Every line from the one with "伟人名作 毛泽东 书法作品 伟 设计素材 毛泽东篇 书法世界 书画美术 白色" through the last line below should be repeated exactly; pictures stay out of the copy.

#### Collected data

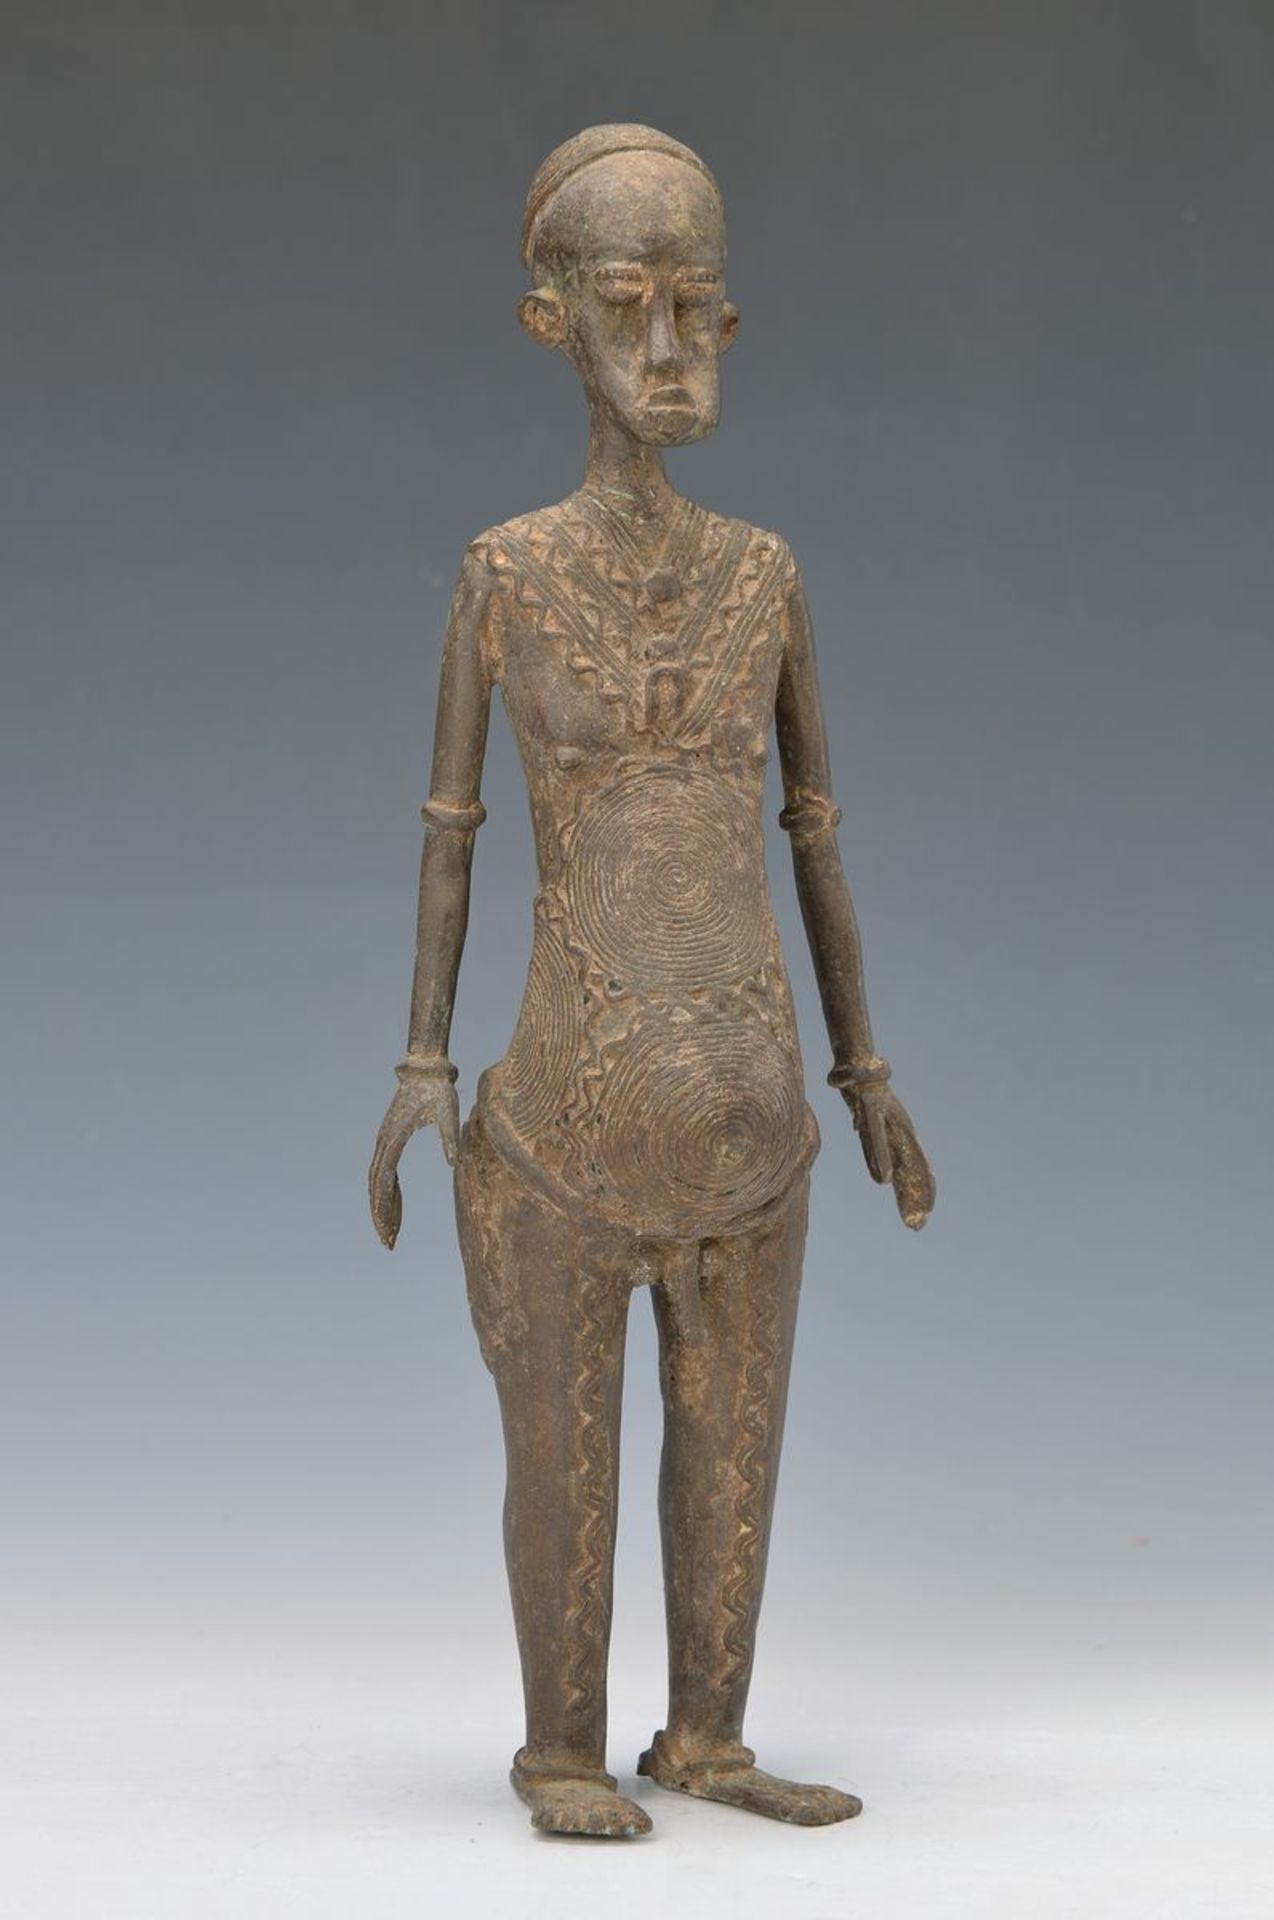 Ahnenfigur, Baule, Mali, ca. 30-40 Jahre alt, Bronze, stehender Ahne mit reichem Verzierungen,
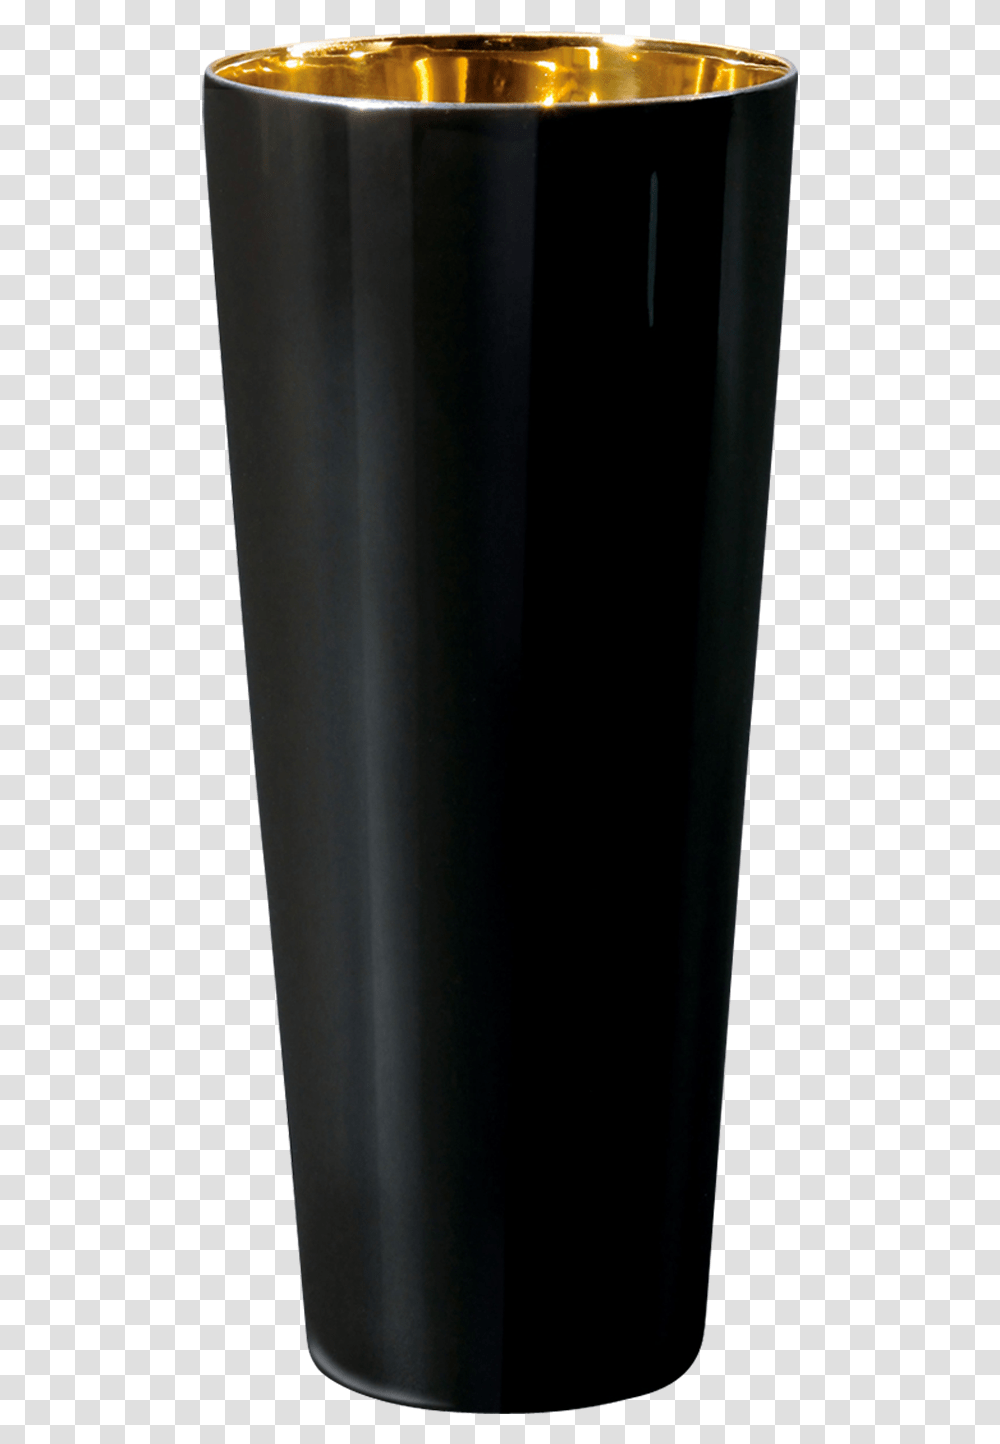 Goblet Black Smooth Cylinder, Bottle, Stout, Beer, Alcohol Transparent Png
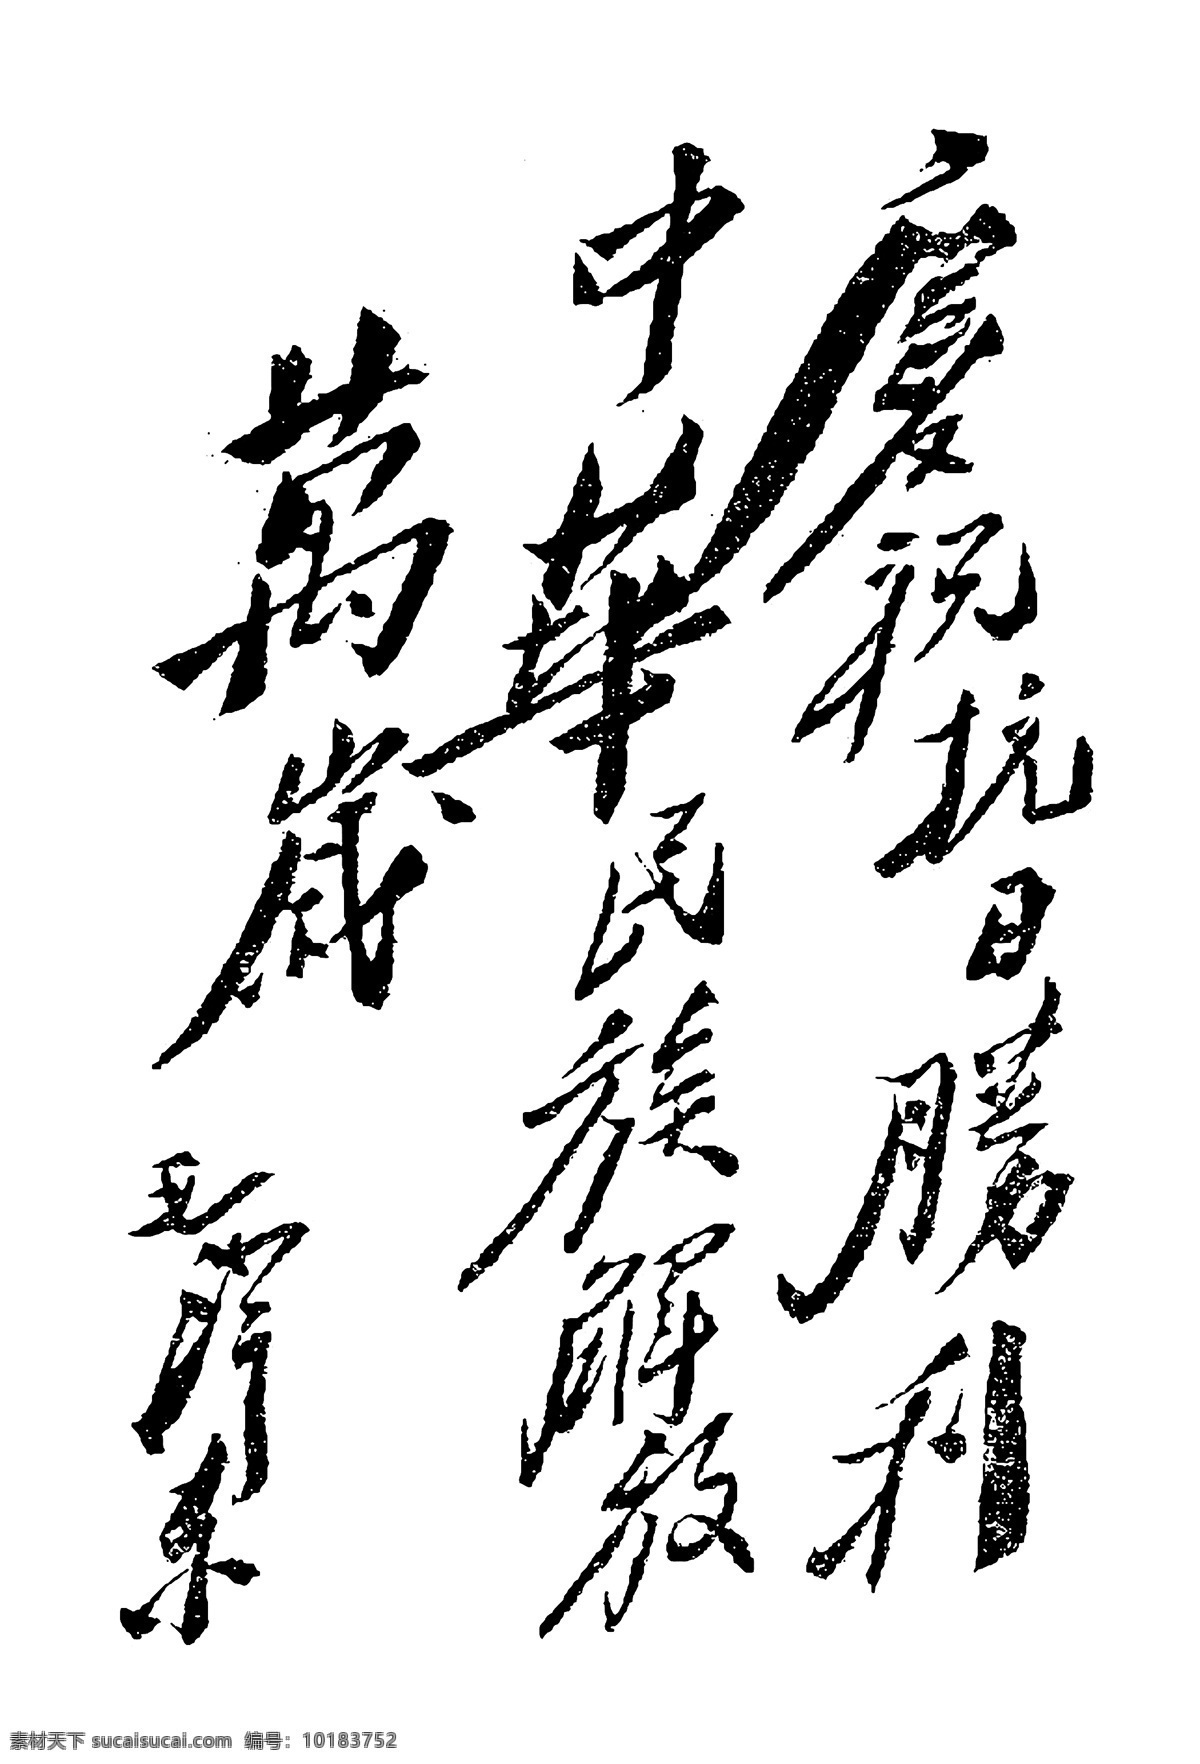 伟人名作 毛泽东 书法作品 伟 设计素材 毛泽东篇 书法世界 书画美术 白色
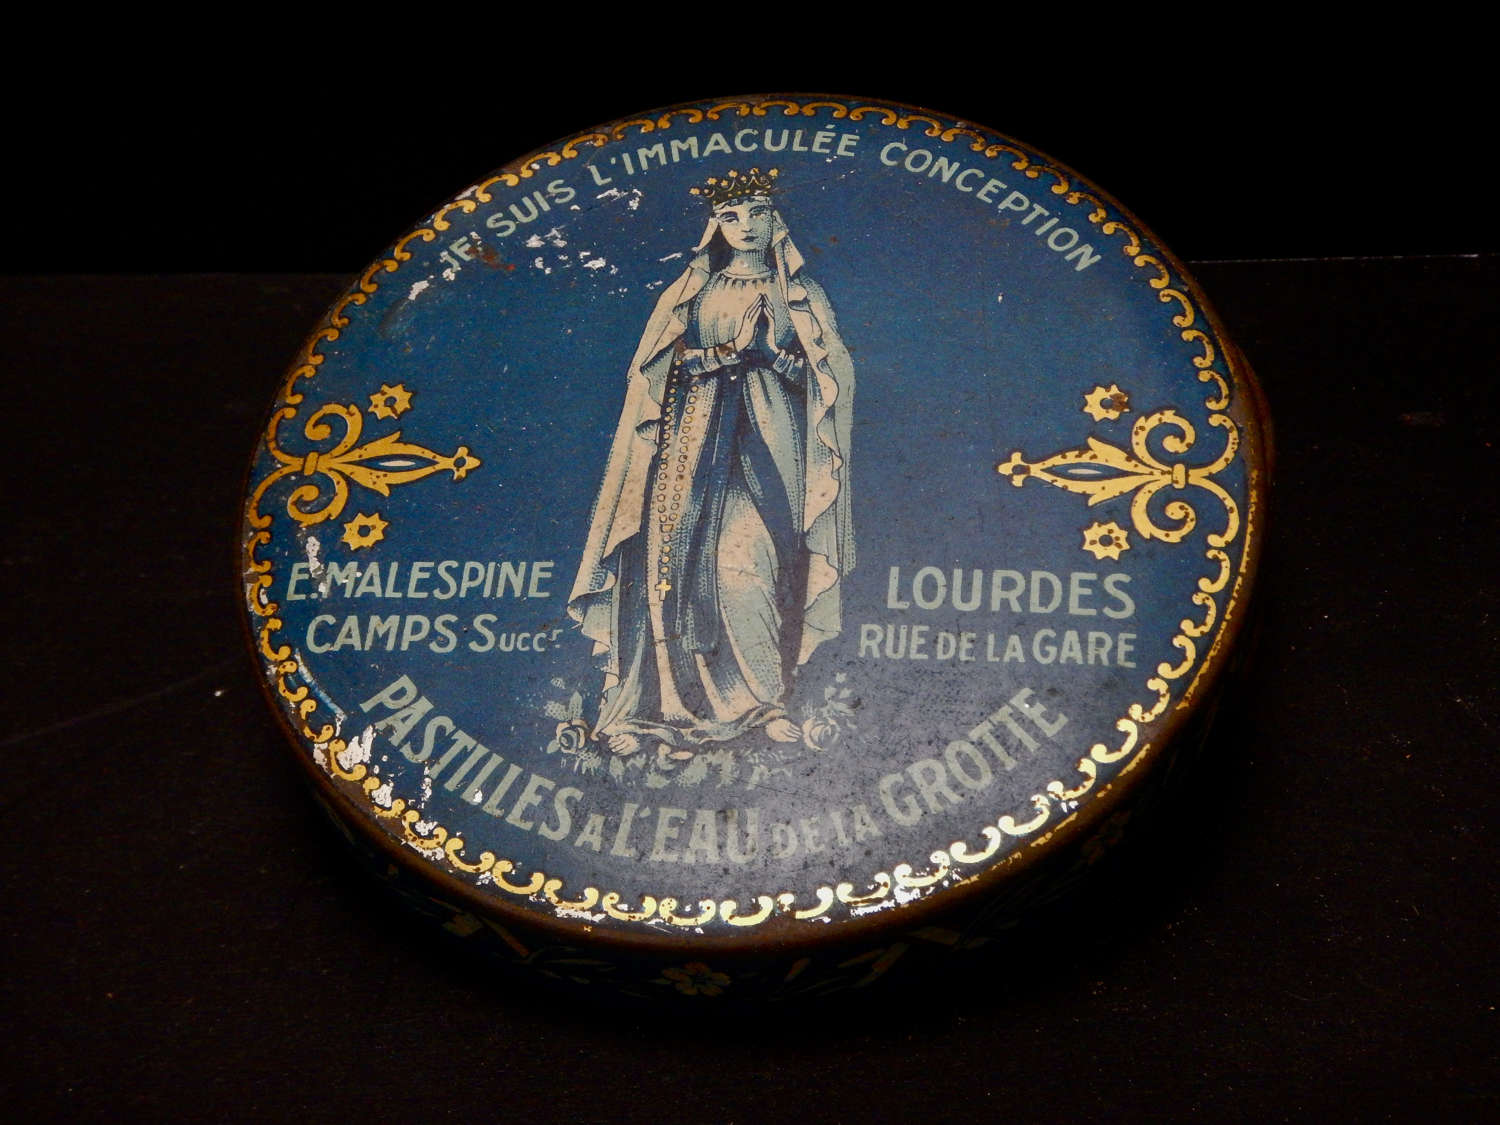 Antique Lourdes Pastilles a L'Eau de la Grotte - Collectable Tin

########

**Answer:**
 伟人名作 毛泽东 书法作品 伟 设计素材 毛泽东篇 书法世界 书画美术 白色
 Antique Lourdes Pastilles a L'Eau de la Grotte - Collectable Tin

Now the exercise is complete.